Я сталкивался со всякими личностями, жизнь сводила меня с людьми очень сложных судеб, но я никогда не встречал таких, как Леопольд, которые так легкомысленно меняли бы работу и место жительства, вели бы себя как искатели приключений, ими, в сущности, не являясь. Я не мог считать Похлапа беспечным авантюристом. Что же его гонит, не дает пустить корни на одном месте, почему он боится руководящей работы? Такие мысли вертелись у меня в голове, пока мы шагали к Балтийскому вокзалу.

Где-то в районе Каламая, то ли на улице Вана-Каламая, то ли на Уус-Каламая, мимо нас промчалась «Победа». Сворачивая в переулок, потеряла управление и врезалась в дом. Из машины выскочил парень лет двадцати, пустился бежать и наткнулся на нас. Похлап молниеносно схватил его за руку и спокойно спросил, почему он бросает разбитую машину. Парень, от которого разило водкой, попытался высвободить руку и ударить Похлапа, но тот был сильнее и ловчее. Он заломил правую руку парня за спину так, что тот оказался бессильным. Похлап повел пытавшегося скрыться нарушителя в отделение милиции на улице Нийне, а мне велел стеречь машину. Он был так резок и категоричен, что я и возразить не смог, мою волю будто парализовало. Мне пришлось ждать почти час, пока прибыли гаишники, отвечать на десятки вопросов, которыми засыпали меня столпившиеся вокруг машины зеваки. Одни считали меня владельцем машины и виновником аварии, другие — просто пассажиром, третьи — добровольным блюстителем порядка. Милиционеры опрашивали меня как очевидца происшествия. Должен честно признаться, что моя роль мне совсем не понравилась, и я мысленно ругал Похлапа, втянувшего меня в эту историю. Неприятно было думать и о том, что, будь я один, я не попытался бы задержать парня, который оказался вором, говоря юридическим языком — угонщиком автомашины. Очевидно, я с ним и не справился бы.

На Дальний Восток Похлап все же не поехал. Почему — и по сей день не знаю. Снова стал работать в лесу. Но уже не лесорубом, а лесником. В нашу последнюю встречу он назвал себя профессиональным егерем. Не женился, так и остался холостяком.

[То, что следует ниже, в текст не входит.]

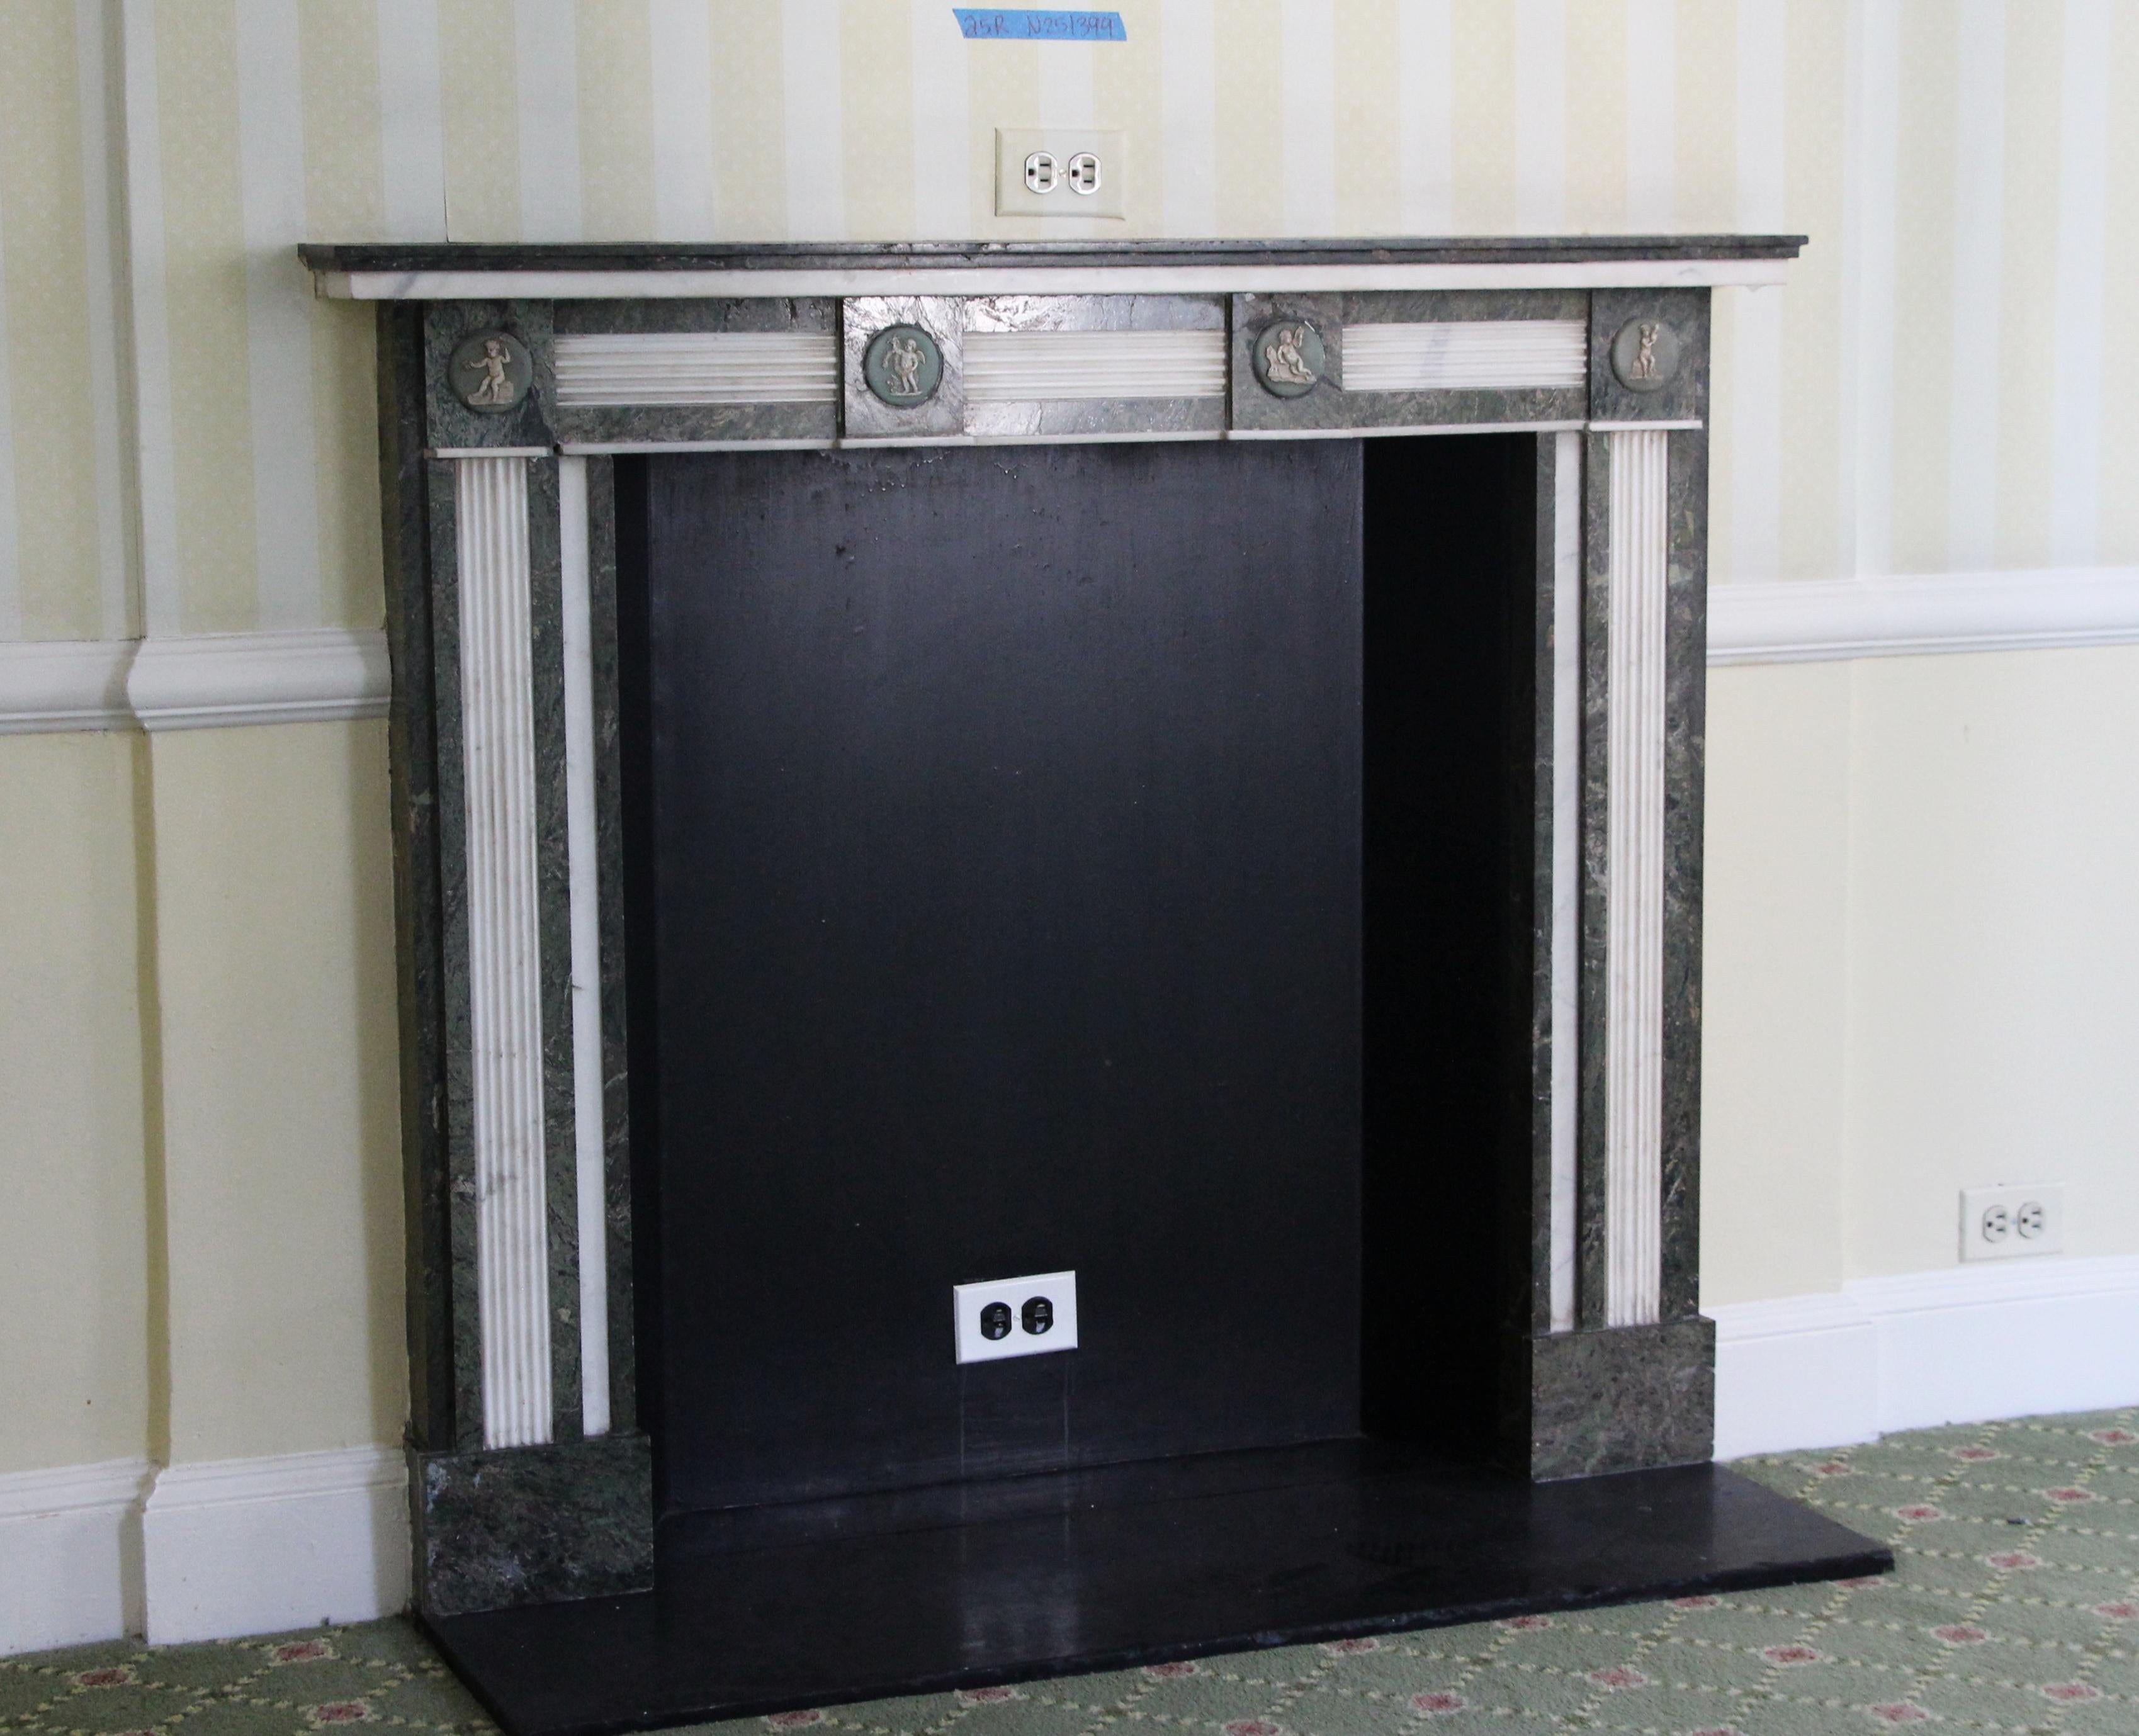 Heath not available. This mantel was one of a group of antique mantels imported from Europe and installed in the Waldorf Astoria hotel in 1931 when the hotel was first built on Park Avenue, circa 1890s, France. This gray and white marble mantel with

Весной 1959 года Похлап позвонил мне из своего лесничества и сообщил, что завтра, в воскресенье, едет в Таллин, что он разыскал того старика, который спас ему жизнь, и хочет, чтобы я пошел с ним вместе к этому человеку. Зачем, он не объяснил, а я не стал расспрашивать. Голос его звучал очень настойчиво. Мы условились встретиться днем.

Ровно в час он позвонил в мою дверь. И через полчаса мы уже сидели в сарае Яагупа на улице Кёйе, куда Похлап меня привел.

Здесь Похлап опять повел себя так, как ему было свойственно, то есть совсем неожиданно. Он пожал руку старику, кивнул головой в мою сторону, сказал примерно следующее: привел, мол, гостя, профессора, потом сгорбившись сел на корточки в углу сарая, лицом к стене, правым боком к сложенной поленнице, и прошептал мне:

— Вали поленья мне на спину.

Я испуганно уставился на него. Я понял, что он хочет, но это показалось мне нелепостью. Зачем аккуратно сложенную поленницу валить ему на шею?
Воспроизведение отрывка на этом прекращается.